It’s good to see the range of evidence Ofsted considers is widening from “my time” (one of the first to be trained in early 1990s. The danger is many teachers’ and heads’ experience remains negative and has led to a recent flurry of anti-grade blogs and articles. There is a danger of a false polarity here: To Grade=Bad or To not Grade=Good. I want to to be ageist here as I have dedicated my 44 years in this profession to the approach so ably championed by professional developers. But Ofsted and accountability will not go away. We have to marry the coaching, professional development model with the requirement to match criteria – with rigour. We have to find a way of conducting our emotionally intelligent, collaborative inquiry, action research (call it what you will) and ALSO being prepared to challenge bad decisions/judgements by people who look and judge inadequately (pun intended). In other words – All teachers have to speak fluent Ofsted too! Put at its most negative I used to say get your revenge in first to teachers in SpM schools but that perpetuated a bad metaphor (more about bad metaphors later) More positively… that is why I designed The iAbacus which STARTS with the teacher’s judgment and , in dialogue, moves on to verif it and analyse and then plan action…. Please don’t reply that this is a product placement – that is another false polarity Public Service = Good v Business = Bad.. Just have a look at BETT2014 Award finalist see http://www.iabacus.co.uk for the MODEL that drvies it and the TOOL that amkes it work. We are new, we are young (well one is) and we are free…

PS Can we also stop those silly metaphors when we talk about “Weighing pigs and rooting up plants” not allowing them to develop. In real life of course we grow pigs and plants and are happy to see them flourish but when they don’t we do weigh and analyse in order to find out why? and What can be done? And when they die or grow stronger we also want o know. Just like schools the key difference is that, unlike pigs and plants, teachers and students can talk and so we can get into dialogue with them..so let the best triangulation be dialogue and “validated self-evaluation”. This will be my next BLOG when I make time John
Reply
Terry Pearson on 14 February, 2014 at 2:05 pm

Hello Mary.

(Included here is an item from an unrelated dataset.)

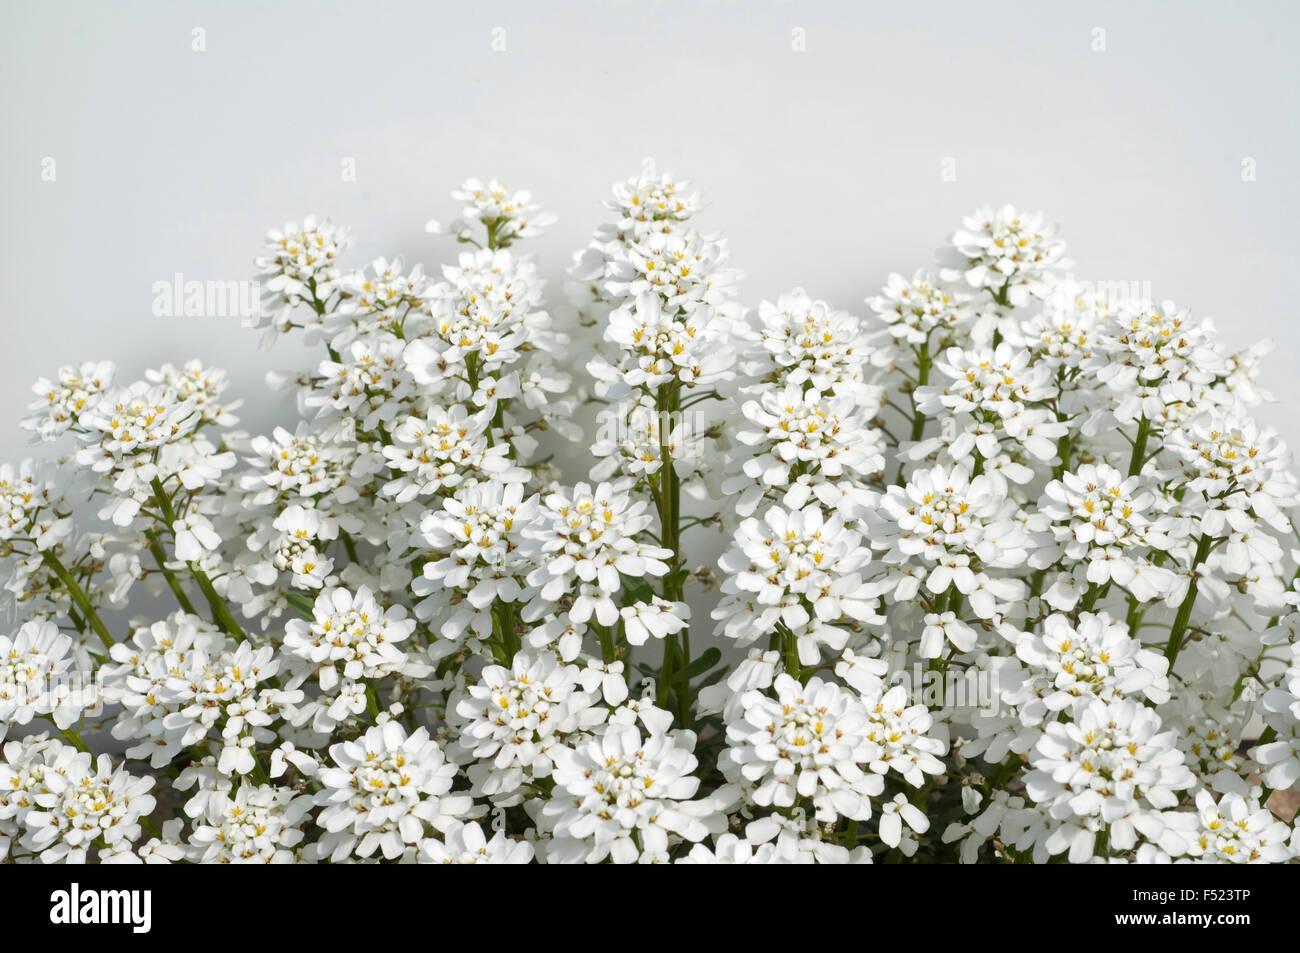 Schleifenblume, Iberis, sempervierens, - Stock Image

I am pleased you have produced this blog for James. I think you provide some very useful stimulation for thinking about and practicing lesson observation. Nevertheless, I can’t help but wonder if you have missed the fundamental point about Rob Coe’s presentation and subsequent discussion at the event mentioned in this blog.

I am pretty sure Rob is not advocating that “it is not possible to judge accurately the quality of teaching from a twenty minutes lesson observation.” He is more concerned about whether it is possible at all to judge accurately the quality of teaching through lesson observation, particularly with one-off observations, irrespective of the length of them. It is the process of observing, the complexity of teaching situations and the use of one-off data collection methods that give rise to the low levels of reliability and validity of judgemental lesson observations. The period of observation produces some, but only minor effects except in relation to representativeness. Indeed, the observations that were used in the MET study to which Rob frequently refers were only fifteen minutes long.

The conclusion that can be drawn from the research that underpinned Rob’s contribution is that it is really questionable whether the model of lesson observation used by Ofsted can be relied upon to generate trustworthy data to support judgements made during the observation about any aspect of what was observed. Lesson observation may be a useful way of gathering evidence of what the observer noticed but it cannot be used to reach a dependable judgement about what was seen. A well trained observer may be able to offer an enlightening and perhaps fuller, or incisive, description of aspects of the teaching situation but it is unlikely that they can tender accurate and undeniable judgements of the situation. You are so right in respect of this to point out that inspectors “[should] only make a note of evidence if they find it.”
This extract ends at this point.